What is Enterprise Service Management (ESM)? - service cloud

 

So what does ESM look like?

There are three perspectives that must be considered:

  • The end user perspective – Delivering an easy-to-use enterprise services portal that puts all business-facing services in one accessible location.
  • The service domain perspective – Creating a catalog of business-facing services, supported by automated service execution processes.
  • The IT perspective – Facilitating the construction of the enterprise service portal and working closely with business functions to define and automate their service execution processes.

READ NOW: Introduction to ESM

9 Benefits of Enterprise Service Management?

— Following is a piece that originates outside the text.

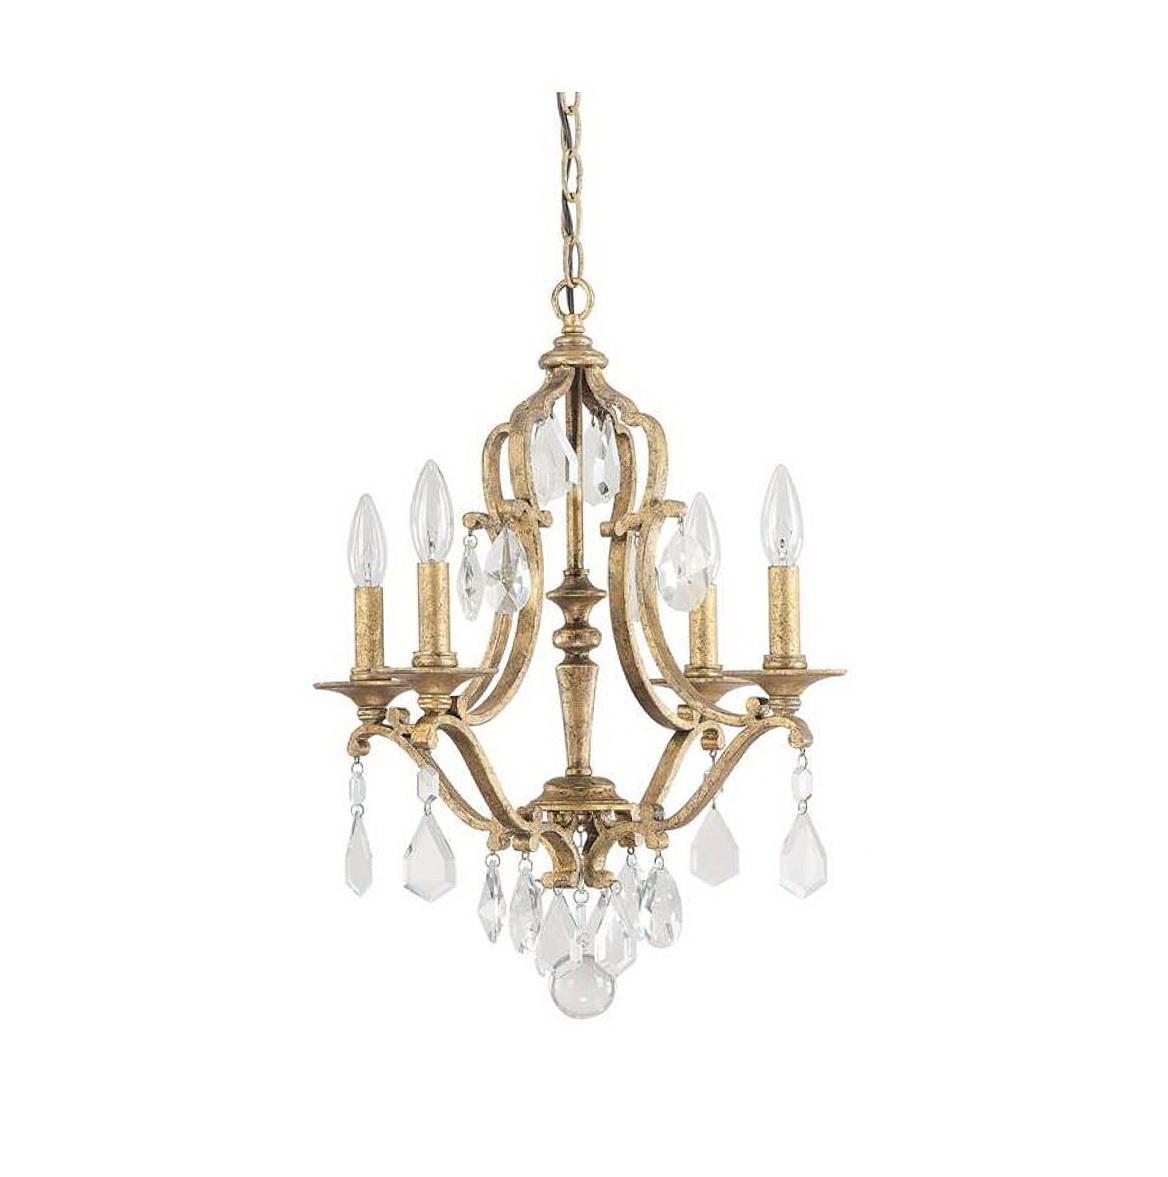 Antique Gold Crystal Chandelier

  1. Achieve operational visibility: ESM lets you see the value that each department adds to the business. When you define what a department is to the rest of the business you are also defining the edges. You can see where one department ends and another begins. Once you know where the boundaries are, you can make them more fluid and responsive to changing patterns of demand. Essentially, ESM gives you a map of where value is created in your organization – and the processes that support it, allowing you to find and eliminate bottlenecks and inefficiencies.
  2. Support better governance: When you have better visibility of operations, it’s easier to govern what departments are doing to ensure they are in line with overarching strategic objectives (e.g. are they providing the right set of services?).
  3. Institute functional excellence: ESM streamlines the process of managing and executing internal business service requests, creating greater efficacy and efficiency across all service domains – achieving higher quality of output at a lower cost.
  4. Support value transformation: By streamlining the execution of internal business services, departments can reduce their day-to-day operational overheads and devote more time and resources to change and improvement projects that enhance value creation. The companies that will succeed in the next decade are those that realize that they must break out of “firefighting mode” and become more pro-active and agile.
  5. Manage interaction: By bringing the interactions that happen between departments into a system or record, these interactions can be measured, managed and optimized. Deployment of a digital interface reduces operational overheads by reducing inbound phone calls and emails – with requests being automatically routed to the right teams. ESM is a good strategy for reducing “inbox overload” and weaning staff away from using the email system as a work queue.
  6. Reduce technology costs: Enterprise-wide technology programs are an opportunity to take advantage of economies of scale. The implementation of a single enterprise-wide digital portal and back-end process management, supported by one software solution, ensures that the cost of the supporting technology is minimized (versus having a number of different ‘point’ solutions catering for each domain).
  7. Break down silos: ESM is, by nature, an antidote to the siloed nature of many large organizations. It embodies a more transparent, integrated and cooperative mentality where business functions think more deeply about how they work with other departments to increase business productivity. By turning barriers into interfaces, the walls between business functions become windows, and departments become more tuned-in to the wider business ecosystem.
  8. Ensure internal business alignment: By providing clarity on which internal services business functions provide for each other it is easier to align services provided with demand from other departments.
  9. Increase end user satisfaction and productivity: The availability of a one-stop-shop for all internal services and information sources means faster access to the tools that your people need to be the most productive.